Uncles @Rob Fisher and @Silver was admin contacted in any way about this? Not asking in a bad way! I will definitely be there would just have been cool if ecigssa had a stand or was part of it somehow. The more exposure for ecigssa and the vape community will be cool

Sent from my SM-G935F using Tapatalk


----------



## Silver (2/2/17)

wiesbang said:


> Uncles @Rob Fisher and @Silver was admin contacted in any way about this? Not asking in a bad way! I will definitely be there would just have been cool if ecigssa had a stand or was part of it somehow. The more exposure for ecigssa and the vape community will be cool
> 
> Sent from my SM-G935F using Tapatalk



No we weren't contacted @wiesbang
I am not sure who is organising the event 

I hope it goes well and that the cape town based vapers have a great day!

Reactions: Like 2


----------



## DizZa (2/2/17)

This event is organized by Andre Van Biljon, anyone in need to contact him can send me a pm and I will gladly point you in the right direction.

Reactions: Like 2


----------



## Cespian (2/2/17)

DizZa said:


> This event is organized by Andre Van Biljon, anyone in need to contact him can send me a pm and I will gladly point you in the right direction.

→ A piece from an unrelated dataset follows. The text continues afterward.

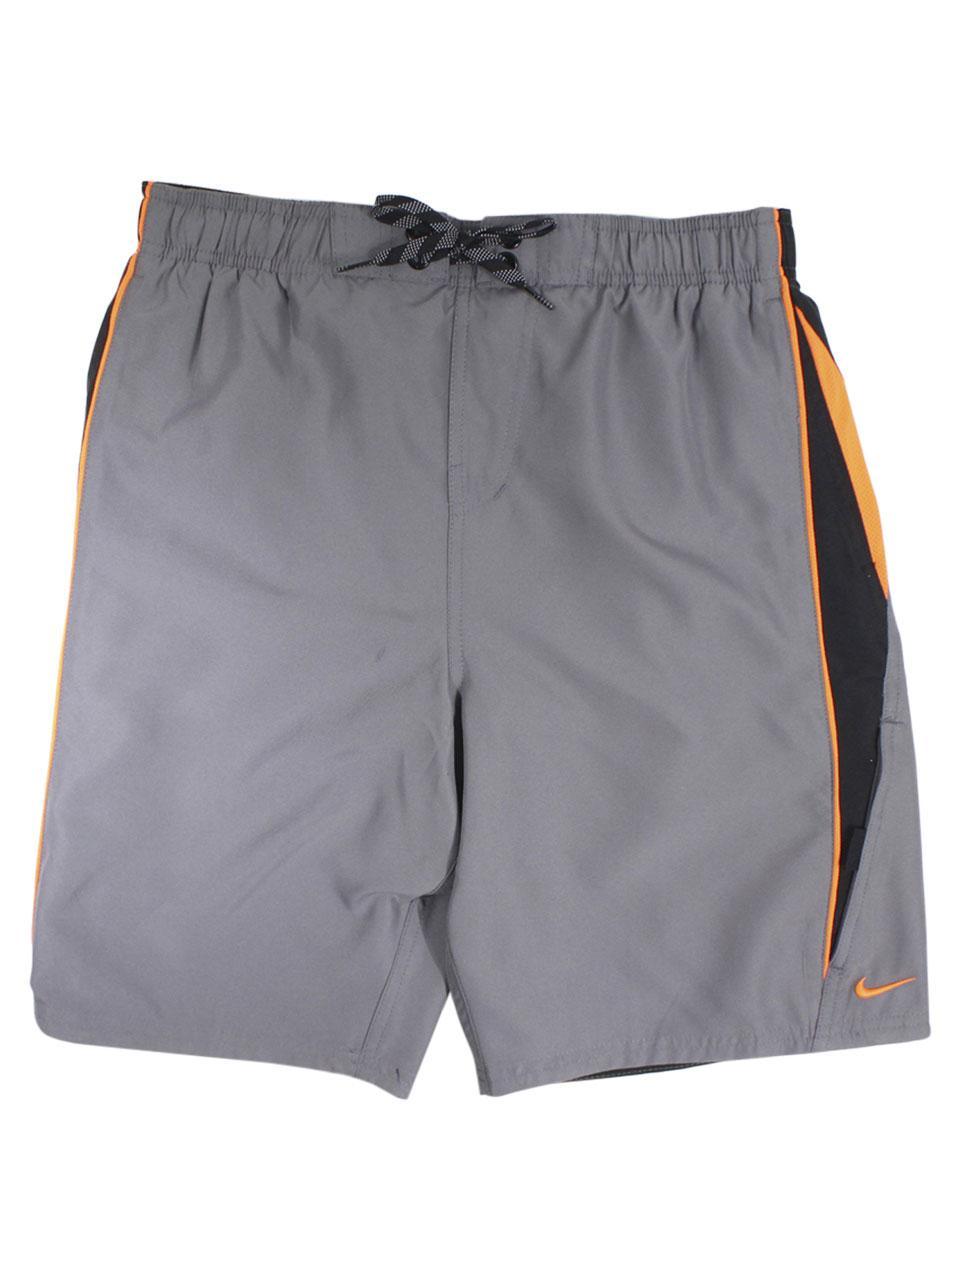 Nike Men's Contend 9-Inch Trunks Swimwear

The Foggas Vape Lounge guy?

Reactions: Like 1


----------



## DizZa (2/2/17)

Cespian said:


> The Foggas Vape Lounge guy?



I believe so!

Reactions: Like 1


----------



## Imperator (2/2/17)

Not sure on all the details (my fault) but have spoken to him a few times about it and he is definitely putting in a lot of time and effort into the event. 

I'll try get some info as to the goodiebags soon!

Reactions: Like 2


----------



## ddk1979 (2/2/17)

Thanks for the info folks.
Me be thinkin' that we just gonna get an aerated bag.

.


----------